Anastacia Sadeh’s current work explores the ongoing relationship between self awareness, emotional and somatic authenticity, and mental health. Her works are records of often fleeting emotions built through layers of water-based media and manipulated Venetian plaster. She uses both purely abstract marks as well figurative elements in her work to express her interests. Her work uses a multi-step process to symbolically suggest the mental practice of self-awareness. Her first step is create a surface texture that represents specific generationally borrowed methodologies. She creates the textures by making impressions with various fabrics that hold personal importance. She also uses tools to draw into the plaster while it is still damp at times. These surface modifications symbolically acknowledge the rippling effects that the 'fabric' of generational trauma and other pre-conditioned methodologies have on self-identity. The second step within the process of her work involves creating painted marks that involve the element of accident and forces outside her direct control (like gravity and directed air flow). This carthartic step elicits the peace in letting go of what we cannot control. It also references the commom human experience of reactive emotions. Emotions that are experienced but not consciously chosen. The last step is to represent the process of self-awareness through the power of choice. The previous painted marks are used to create the new whole. Some are covered with new colors while some guide the whole of the work's composition. It is the last step in representing the unique human ability to respond to our emotions rather than simple react to them. Her work explores and celebrates human complexity. The potential for mental healing through emotional authenticity and self-awareness are themes within all her work. Her current preference is to work on either stretched canvas or cradled wood panels as these readily support the application of layered paint and plaster.

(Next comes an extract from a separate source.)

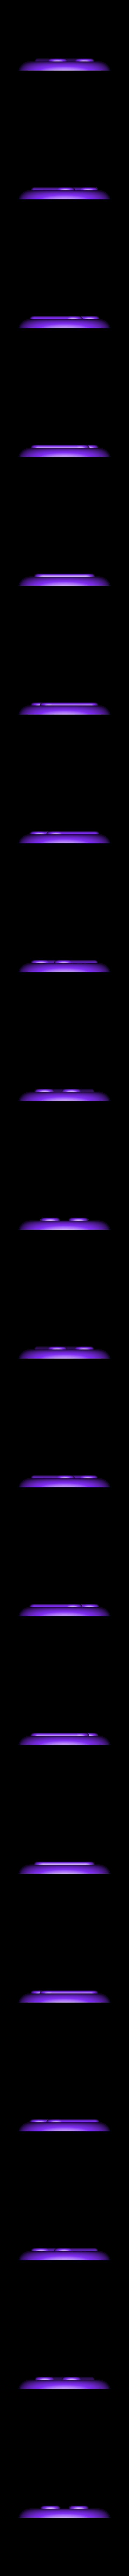 SeeUPauseButtonAscii.stl Download STL file SeeU Buttons • 3D printable template, Laramaine

My current work explores the transient and complex nature of human emotions as they relate to the importance of mental health and wellness. My work is a thoughtfully explored collection of abstracted portraits of various emotions as they move through their fragile and often fleeting existence. It is an exploratory record of the felt, but unseen.
My personal reflections (both conscious and subconscious) are built through literal layers of paint and plaster as a record of the temporal nature of human emotions. I begin the foundational layers of my works with an ironic sense of purposeful accident by allowing for my chosen medium to move without my immediate influence. Using gravity and air to guide the patterns of the paint, I create the compositional skeleton of each piece upon which the entire work is then based. This step represents my acknowledgment that much of our circumstances and our resulting emotions cannot be chosen or controlled. I then use these loosely guided marks to begin my finished work in the same way I have learned to sit with any number of unchosen emotions before I intentionally decide my response to them. This process of gradually gained control is a therapeutic nod to the power of acceptance and sanctuary of spiritual faith.
My compositions are usually a combination of these accidental and subsequent deliberate marks and colors; however, I sometimes include representations of recognizable objects. These representations serve a personal and instructional role that convey a concrete thought about which I am curious. However I decide to make the compositions unfold, it is the act of creating multiple layers that serve as my most loved visual objective. This process is a recurring theme in my pieces. It reflects how choices in life build upon themselves to create the whole. As far as mediums, I primarily use acrylics and other water based mediums over a foundation of manipulated Venetian plaster. The plaster represents the emotional ‘skin’ of a person and/or myself. Sometimes I sand the plaster to a smooth surface to represent the nature of innocence. At other times, I manipulate it into various textures using fabric to acknowledge the connection that the fabric of our pasts has on the emotions of our present.
The ironic nature of control and how it is gained emotionally is woven through each of my works. It presents itself both boldly and quietly to reflect how control presents itself both subconsciously as well as directly throughout the duration of emotional processing. It is something I encounter as a constant and therefore it is layered into to each piece. In some works, the branch like marks (made by the process of chance mentioned above) work in harmony with the whole of the work, but in others these same foundational marks are obliterated as the emotion being dealt with at the time of the work struggles with accepting the nature of control in its entirety. My intuitive color choices and abstract mark marking serve as a conduit for my current emotions as I experience them. I seek to gather a deeper awareness of my emotions' existence, as well as to capture their transient nature and fleeting lifespan. It is through this construct I choose to honor the importance of mental health and wellness.